In Memoriam: May 2008

IEEE mourns the loss of the following members

7 May 2008

Michael J. Barnsley

Pro-vice-chancellor

Member, 48; died 6 December

Michael J. Barnsley was pro-vice-chancellor of Swansea University, England.

He joined the school in 1995 as research professor of geography and remote sensing. He became head of the university’s geography department in 2002 and also served as director of its Climate and Land-Surface Systems Interaction Center. He was appointed head of the university’s School of the Environment and Society in 2005. He died of skin cancer shortly after being promoted to pro-vice-chancellor last year.

He began his career in 1984 as a lecturer on remote sensing and geographic information systems at London’s Birkbeck College and at the University of London. In 1989 he became director of the University of London’s Remote Sensing Unit.

Barnsley studied remote sensing and the bidirectional reflectance distribution function, which describes how the apparent reflectance of a surface varies according to the angles at which it is illuminated by the sun and viewed by a sensor.
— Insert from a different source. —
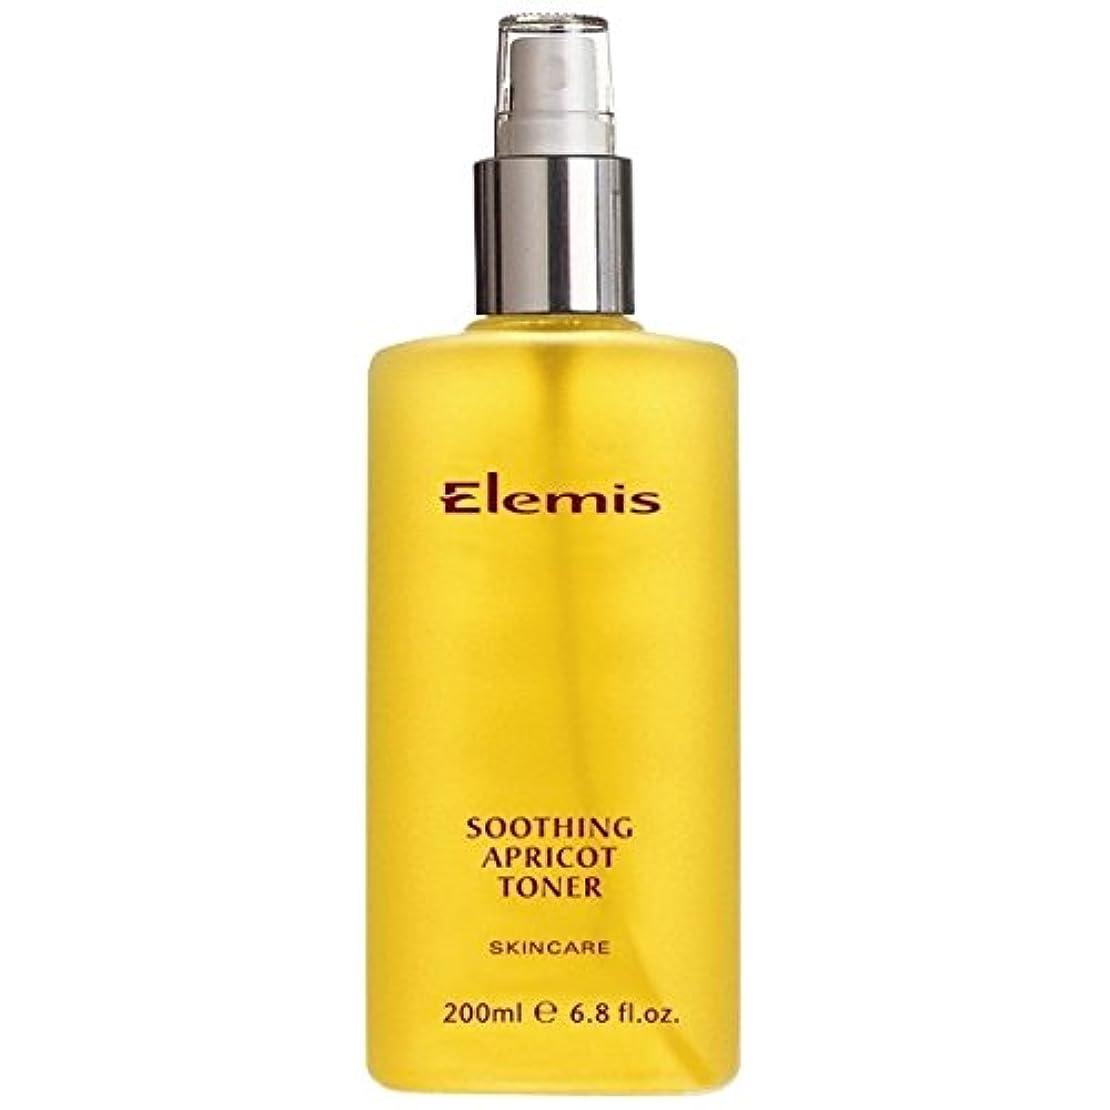 恐怖症永続憂慮すべきエレミスはなだめるようなアプリコットトナーをスキンケア (Elemis) (x2) - Elemis Skincare Soothing Apricot Toner (Pack of 2) [並行輸入品]

He developed an instrument for measuring hyperspectral multiangular information from space for the British National Space Center and the European Space Agency’s compact high-resolution imaging spectrometer, which is used on board the Proba satellite, launched by the European Space Agency in 2001.

He was also on the editorial boards of two journals, Canadian Journal of Remote Sensing and IEEE Transactions on Geoscience and Remote Sensing.

He earned a bachelor’s degree in human and physical geography and a Ph.D. from the University of Reading, in Berkshire, England, in 1982 and 1986.

 

Joseph L. N. Violette

Electromagnetic compatibility engineer

Life Member, 75; died 2 January

Joseph L. “Norm” Violette was an engineering consultant for the U.S. Air Force.

He joined the Air Force in the late 1950s and achieved the rank of lieutenant colonel before retiring in 1977. Afterward, he continued to consult for the service.

In 1986 he designed the lightning protection system for the Statue of Liberty, which was added during its restoration.

Violette was a member of the IEEE Electromagnetic Compatibility Society for 50 years and was a speaker in its Distinguished Lecturer program. The society awarded him with its 2004 Richard R. Stoddart Award for Outstanding Peformance.

He received a bachelor’s degree in electrical engineering from Rensselaer Polytechnic Institute in Troy, N.Y. He went on to receive a Ph.D. in electrical engineering in 1971 from North Carolina State University, in Raleigh. He also earned a master’s in business administration in 1972 from Auburn University, Alabama.

 

J. Francis Reintjes

Professor emeritus

Life Fellow, 96; died 21 February

J. Francis “Frank” Reintjes was professor emeritus at MIT, where he taught electrical engineering and computer science.

He began his career with General Motors in Lockport, N.Y., before joining Manhattan College in New York City to teach electrical engineering. He left there in 1943 to be a researcher at MIT’s radar school, where he was also a professor of electrical engineering and computer science. He became director of the school’s Servo Lab, now known as the Laboratory for Information and Decision Systems, in 1953. There he researched radar and electronics, information storage and retrieval, and computer communications. In the 1950s, he and IEEE Member Douglas T. Ross developed an automatic programming system for numerical control in two dimensions, which was applied to automatically programmed tools. He retired in 1978 but visited the laboratory and the EECS department weekly until shortly before his death.

Reintjes earned bachelor’s and master’s degrees in electrical engineering from Rensselaer Polytechnic Institute, in 1933 and 1934.